I wanted to get this information out as soon as we could verify the information we’d received. 
Adam Eakle


----------



## DallanC (Jan 13, 2009)

Depressing news. I fully planning on attending the burbot bash this year for the first time but this news has completely turned me off to the idea. 


-DallanC


----------



## fstop (Sep 25, 2007)

One thing I wanted to add to this is that. If you are not pregnant, a nursing mother, a women of child bearing age or a child under 15, you can still eat burbot. But you'll want to limit your intake, especially those larger fish to one meal per month. Hope this helps Dallan...Adam


----------



## Ton_Def (Dec 23, 2008)

Thanks Adam! Good to know! 

But....

I'll still eat 'em!! :EAT:


----------



## HunterGeek (Sep 13, 2007)

When I was a kid in one of my junior high science classes, I remember the teacher dropping a mercury barometer on his desk. Little beads of mercury flew off his desk and onto the floor in every direction. All the kids in the class were searching for the weird little balls of liquid metal, picking them up and helping to collect it all back into a jar.

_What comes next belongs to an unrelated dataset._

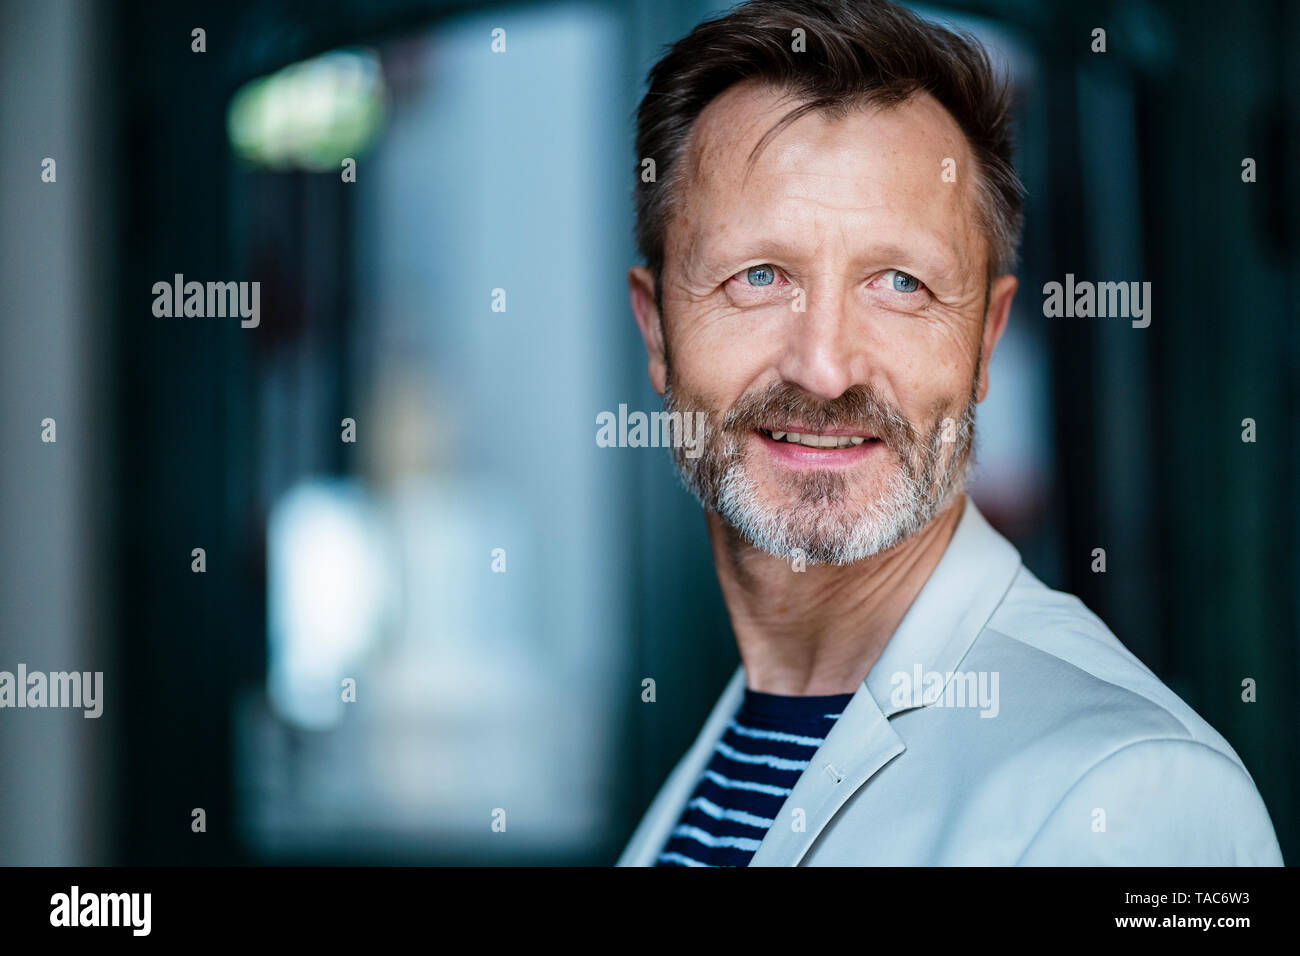 Portrait of smiling mature man avec barbe grisonnante Banque D'Images

If that happened today, they'd likely shut down the school, cordon off the surrounding blocks, then call in a special team of hazmat-suited engineers from Washington to decontaminate the site prior to leveling the school and deeming the whole area unfit for human habitation.

Mercury poisoning is serious stuff, but I don't remember any of the kids in my class getting sick or having any long or shorterm effects. Personally, I think there's a common sense middle ground in all this. It was probably foolish to enlist students in cleaning up liquid mercury off the science classroom floor, but it also seems a bit foolish to get too alarmed by microscopic pinprick amounts of mercury compounds found in a few fish.

I'd much rather feed my kids freshly caught burbot from Flaming Gorge than the fat filled, sodium-laced and chemically preserved food-like substances available for sale at McDonalds and 7-11.


----------



## FISHAMANIAC (Dec 1, 2012)

Well in my opinion it really sucks that this supposedly new news is just being published !! F&G have known for more than a minute about the mercury levels just failed to release it in a timely manner. I heard of this over 3 months ago those who fish them knew it was just a matter of time Ling are considered an Apex predator in the Gorge. I've caught and ate several hundred over the last 5yrs with no obvious repercussions that I can see with my 3 eyes _(O)_ lol!! I will continue to fish for them but will use my due diligence and avoid eating anything over 20 ins and in moderate amounts.


----------



## wyogoob (Sep 7, 2007)

Not good. A guy's gotta be careful what he eats.

FYI, here's the Utah fish advisories as of Oct 25, 2012:
http://fishadvisories.utah.gov/


----------